Notebooks with w2vec model generation both have very few of rows with code. Information about event type and event time is removed from full sessions, so, the sequence of AIDs is the only information kept. That information is used then to the w2vec model, using sequences of AIDs as "sentences" and AIDs as "words". These notebooks take significant time to run: it takes about 3 hours to train models for cross-validation and test datasets, using the first 3 weeks of full sessions or all the known full sessions correspondingly.
I had an intuition, that a w2vec model with a longer window would be more useful for carts and orders models, while a model with shorter window would produce better results for the clicks model. I've made the checks during the competition, trying both w2vec models to produce features for each of GBDT models, and confirmed that this is true. So, I kept using two different w2vec models trained with slightly different parameters. However, the difference in performance between the two w2vec models was relatively small, so I choose not to make any additional experiments with changing the models' parameters and tried some other ideas instead.

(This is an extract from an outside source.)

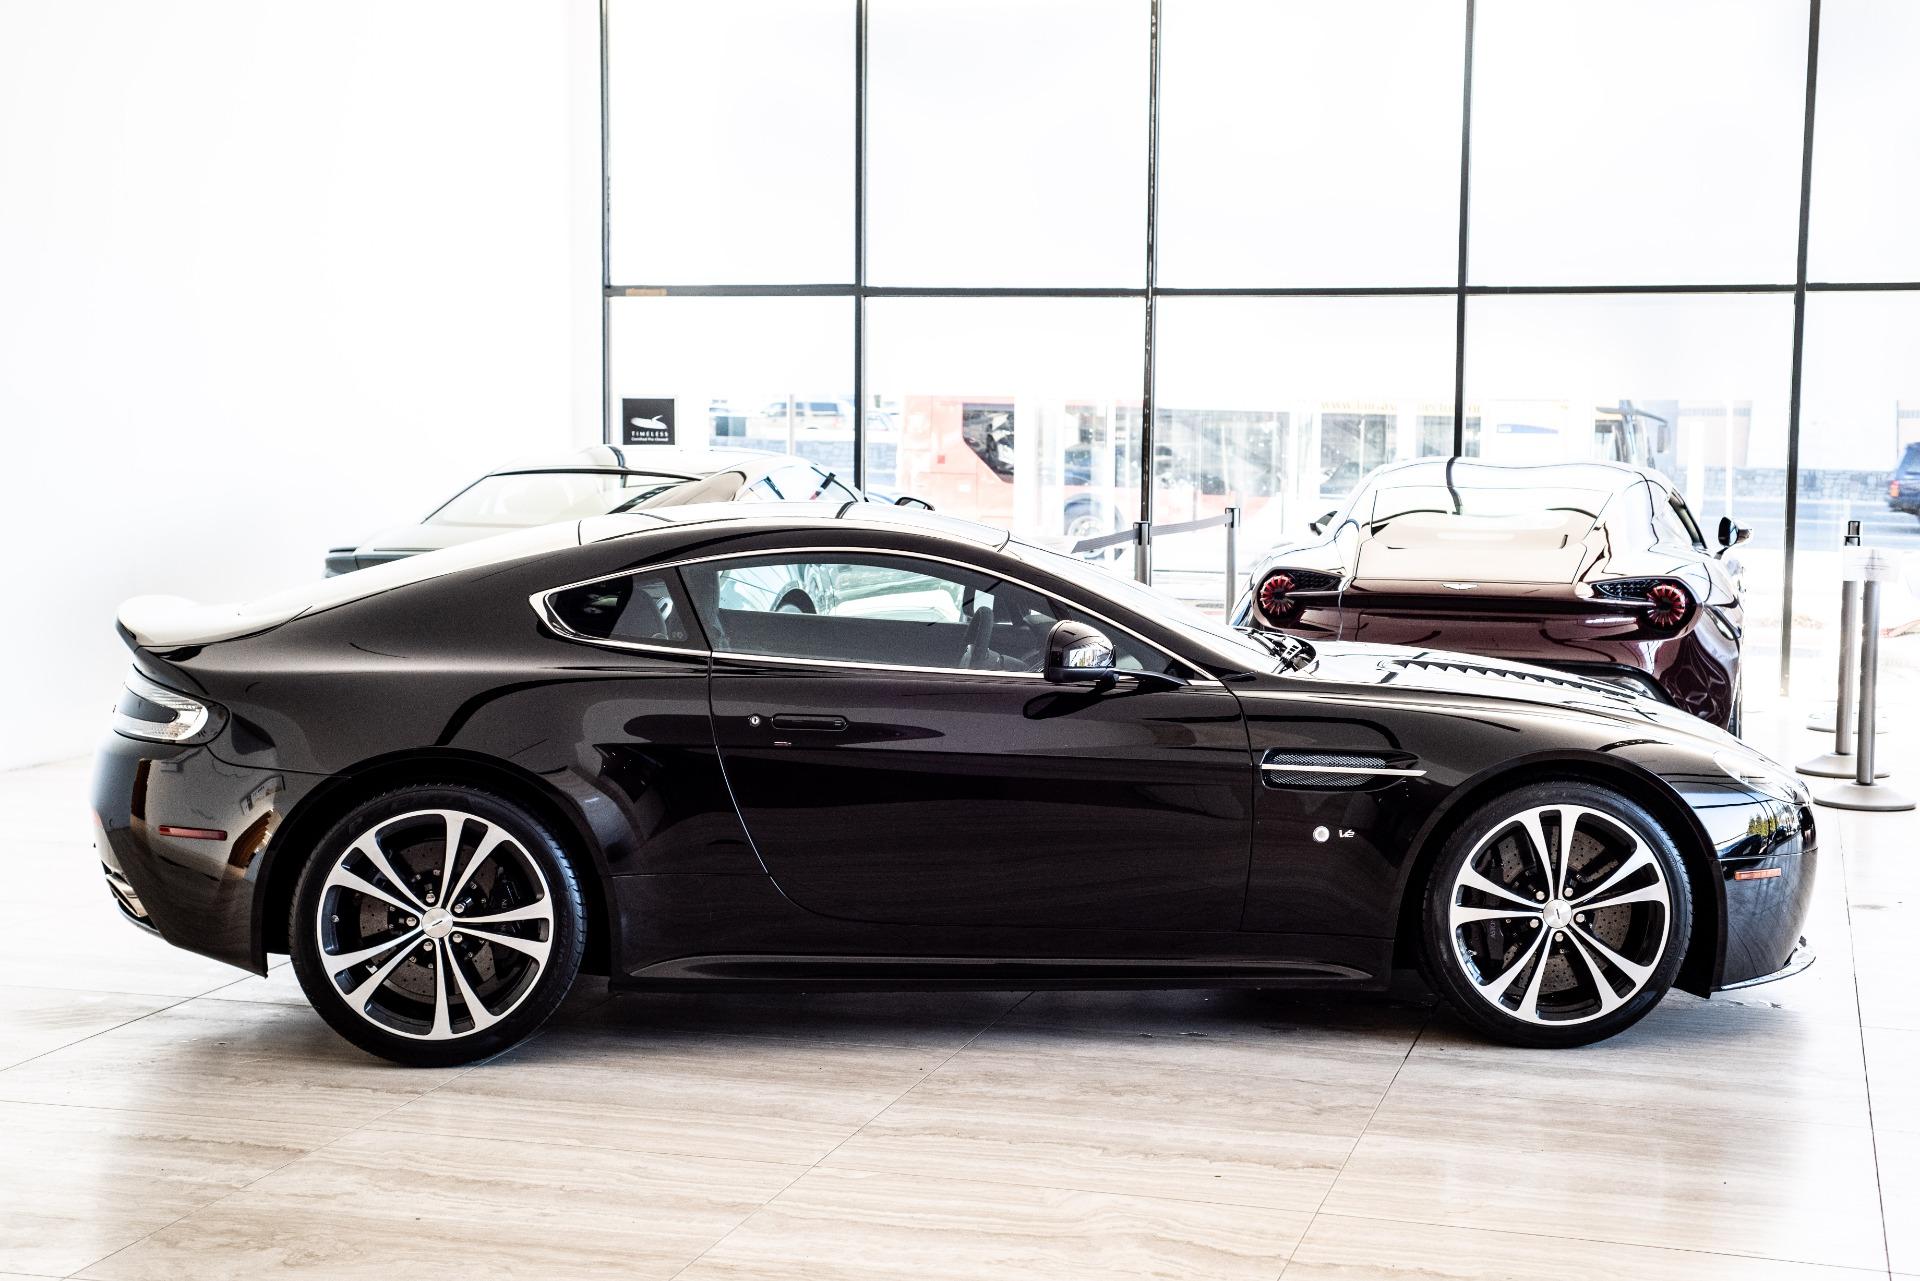 2015 Aston Martin V12 Vantage S Stock Ps01899 For Sale Near Vienna

List of side calculations made in "Calculations for buys" notebook:
- conversion rate - means conversion from click to either cart or order;
- conversion to carts - conversion from either clicks, previously carted AIDs or previously ordered AIDs to carts;
- conversion to orders - conversion from either clicks, carts or previously ordered AIDs to new orders;
- average per AID clicks before buy;
- daily total carts/orders per AID;
- average w2vec similarity between the last one AID in session and 5 AIDs before it.
List of side calculations made in "Calculations for clicks" notebook:
- median time users view AID;
- average per day clicks per AID;
- return rate, counting how often users return for a new click or other actions with the same AID;
- exact next click-to-click co-visitation matrix, that has been already mentioned earlier.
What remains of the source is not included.